(EXERCISE PROMPT):
Where the line containing "GSKILL 32GB (2X16GB)" appears, end the copy there, keeping that line; start from the first line of the entries, copy exactly, and omit pictures.

═════ DATA EXCERPTS ═════

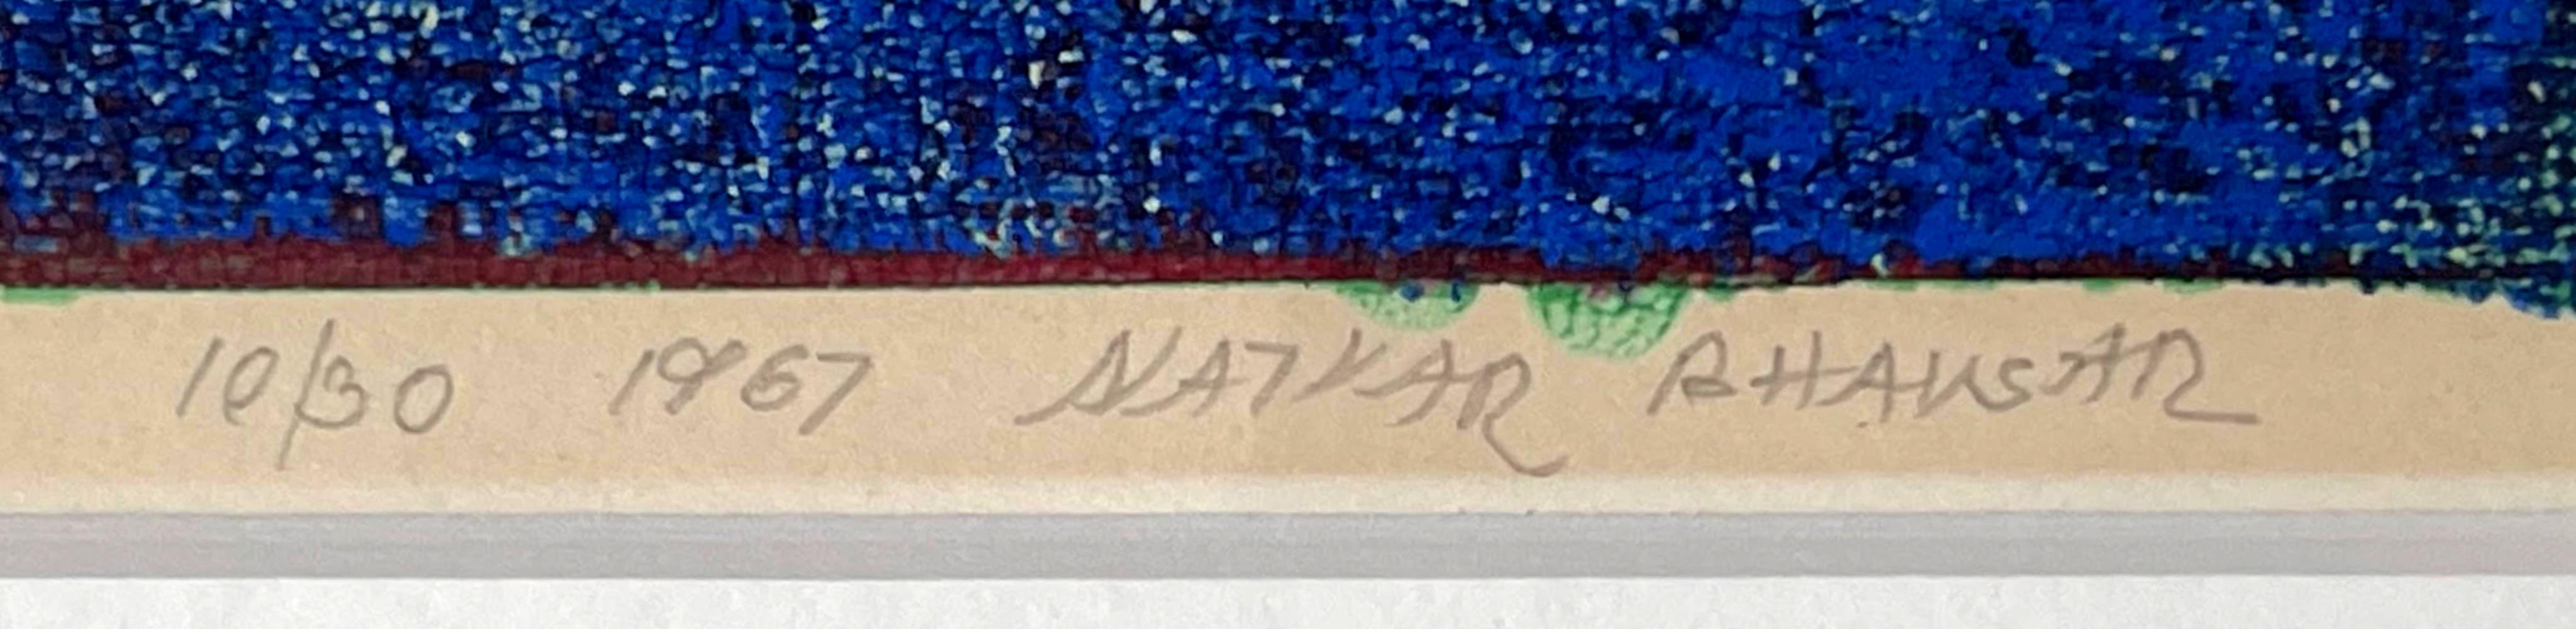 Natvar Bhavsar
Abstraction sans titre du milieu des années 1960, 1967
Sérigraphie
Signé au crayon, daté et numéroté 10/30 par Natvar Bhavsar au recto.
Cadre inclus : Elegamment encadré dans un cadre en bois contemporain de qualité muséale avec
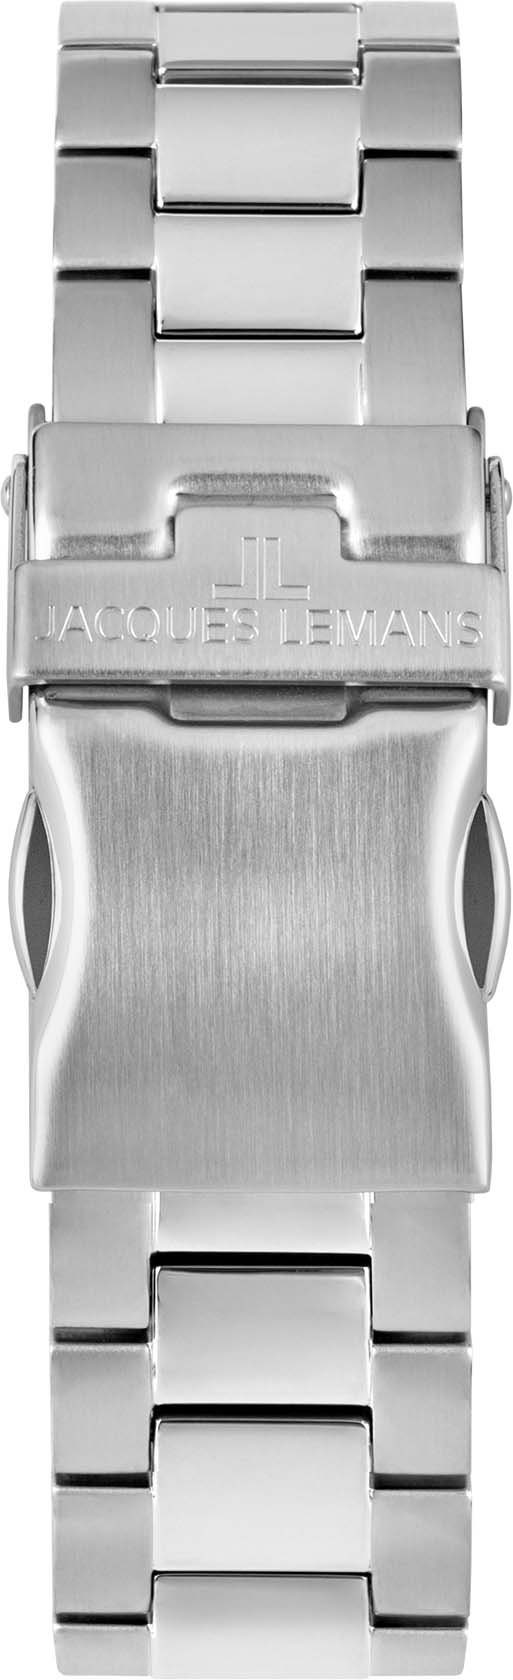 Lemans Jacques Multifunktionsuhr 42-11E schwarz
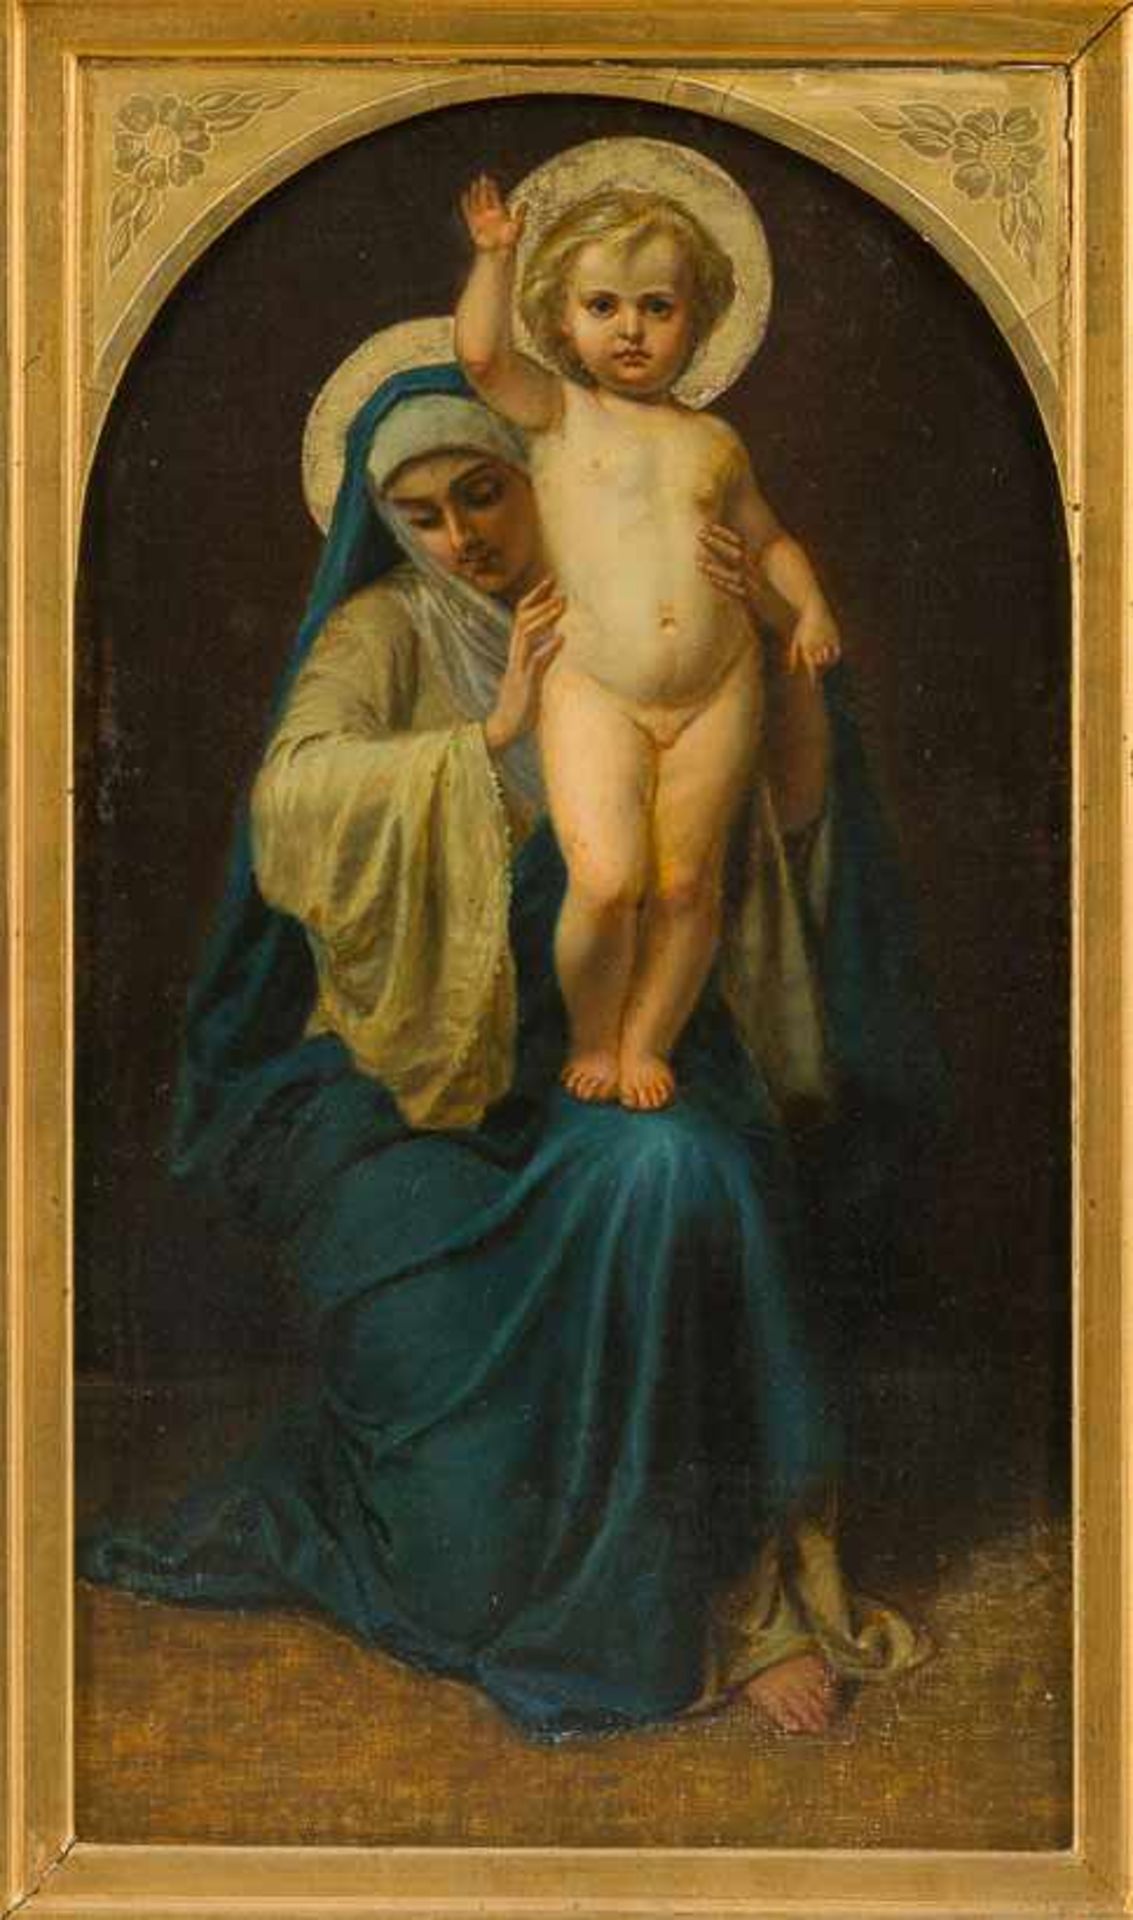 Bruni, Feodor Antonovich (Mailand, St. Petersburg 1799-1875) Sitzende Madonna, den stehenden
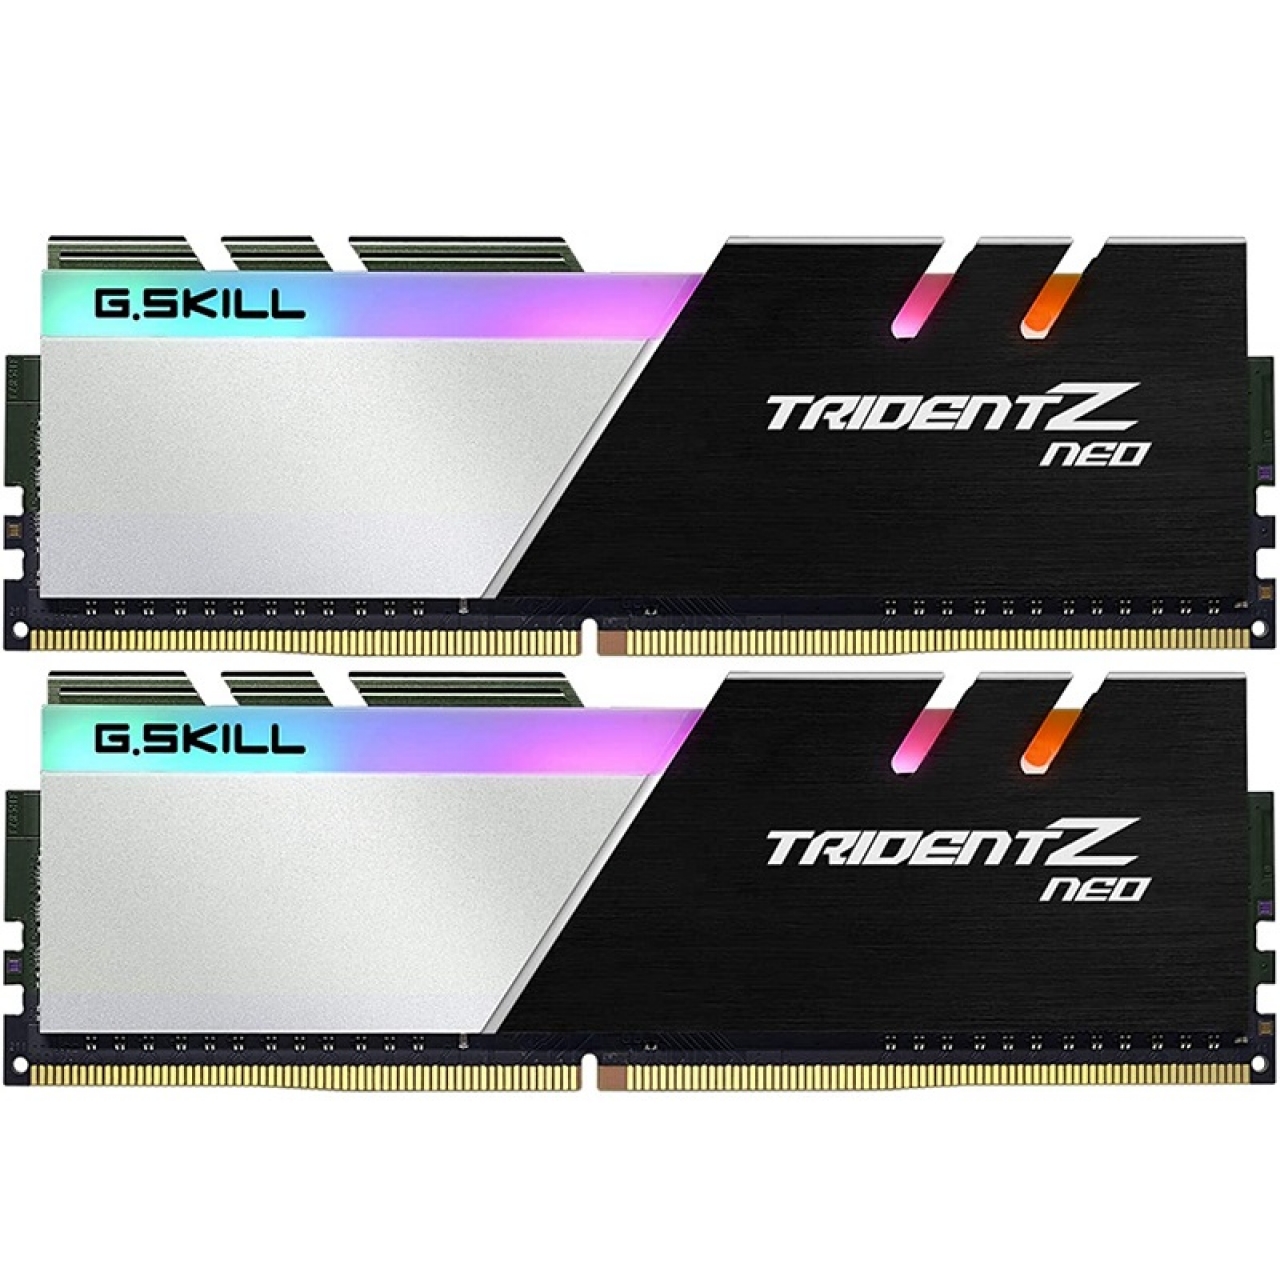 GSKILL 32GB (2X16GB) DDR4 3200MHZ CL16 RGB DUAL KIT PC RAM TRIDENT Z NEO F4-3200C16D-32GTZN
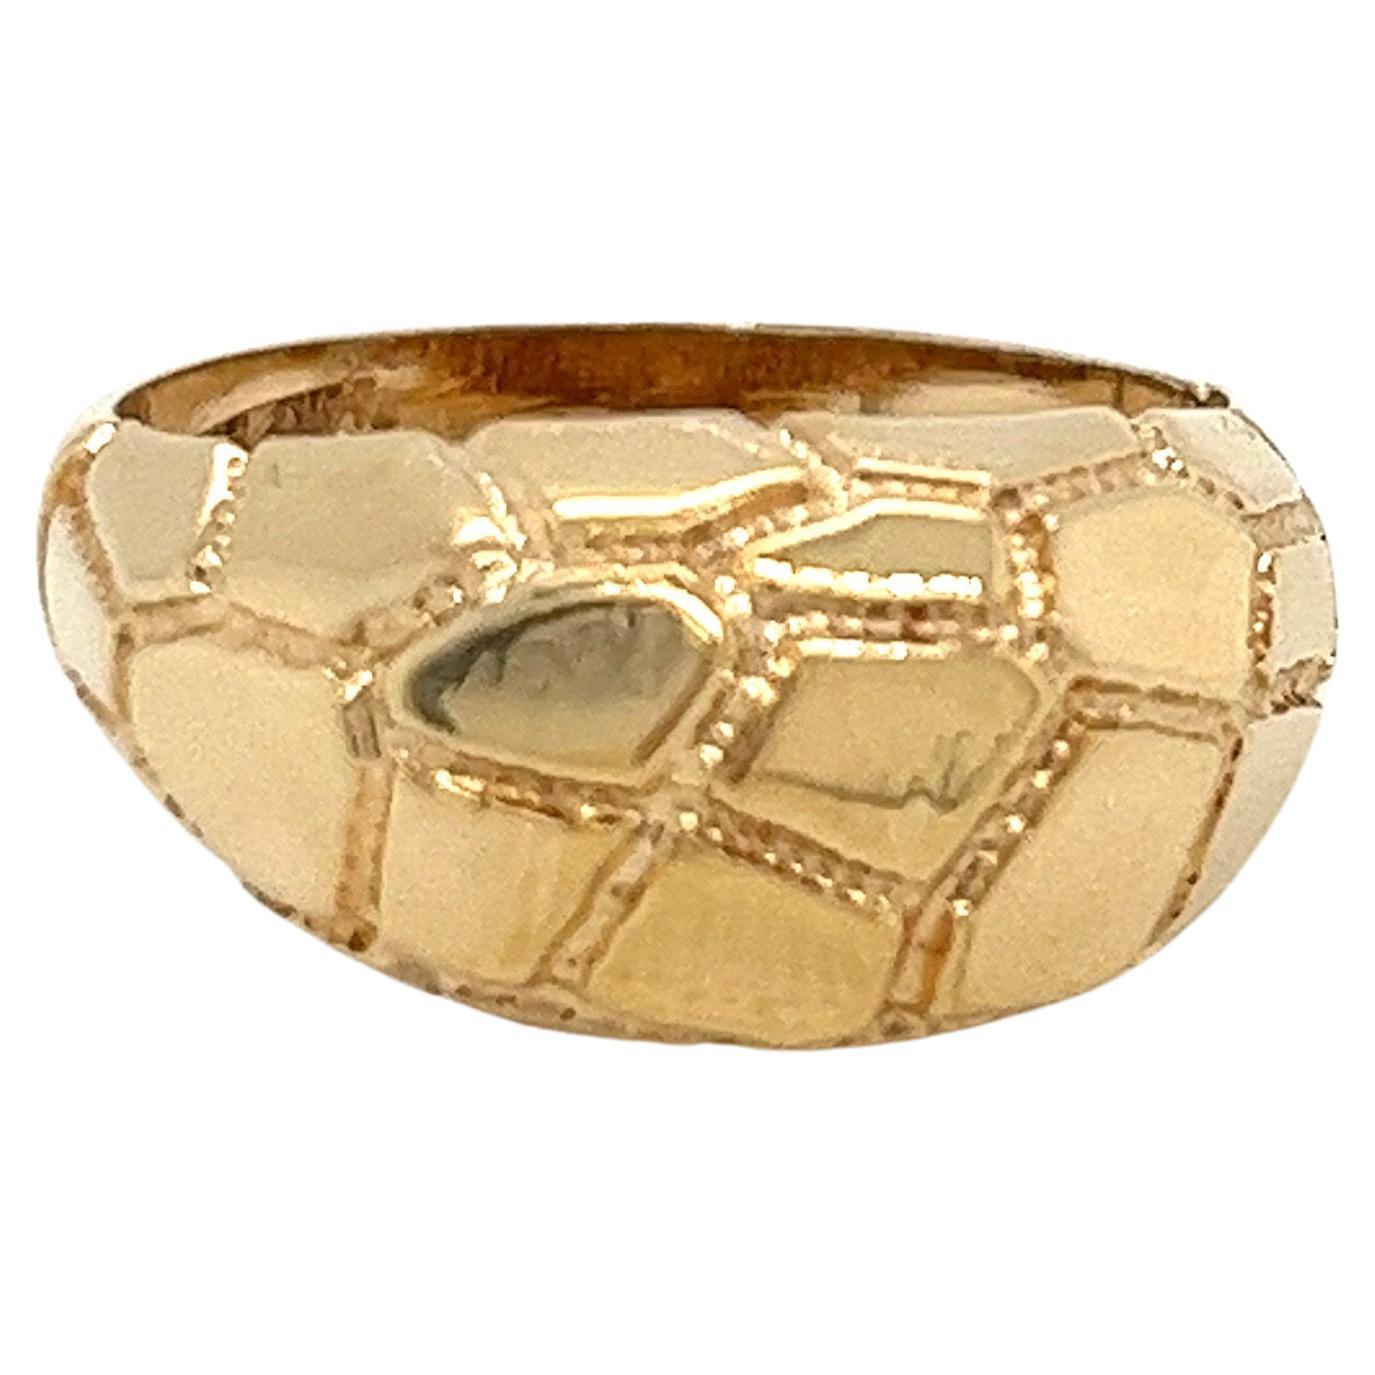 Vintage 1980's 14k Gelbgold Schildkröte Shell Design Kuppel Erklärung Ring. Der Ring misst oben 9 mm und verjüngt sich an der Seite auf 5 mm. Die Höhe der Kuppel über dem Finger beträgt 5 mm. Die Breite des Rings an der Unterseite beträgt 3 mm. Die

═════

(ANSWER SECTION):
 Natvar Bhavsar
Abstraction sans titre du milieu des années 1960, 1967
Sérigraphie
Signé au crayon, daté et numéroté 10/30 par Natvar Bhavsar au recto.
Cadre inclus : Elegamment encadré dans un cadre en bois contemporain de qualité muséale avec
 Lemans Jacques Multifunktionsuhr 42-11E schwarz
 Bruni, Feodor Antonovich (Mailand, St. Petersburg 1799-1875) Sitzende Madonna, den stehenden
 GSKILL 32GB (2X16GB) DDR4 3200MHZ CL16 RGB DUAL KIT PC RAM TRIDENT Z NEO F4-3200C16D-32GTZN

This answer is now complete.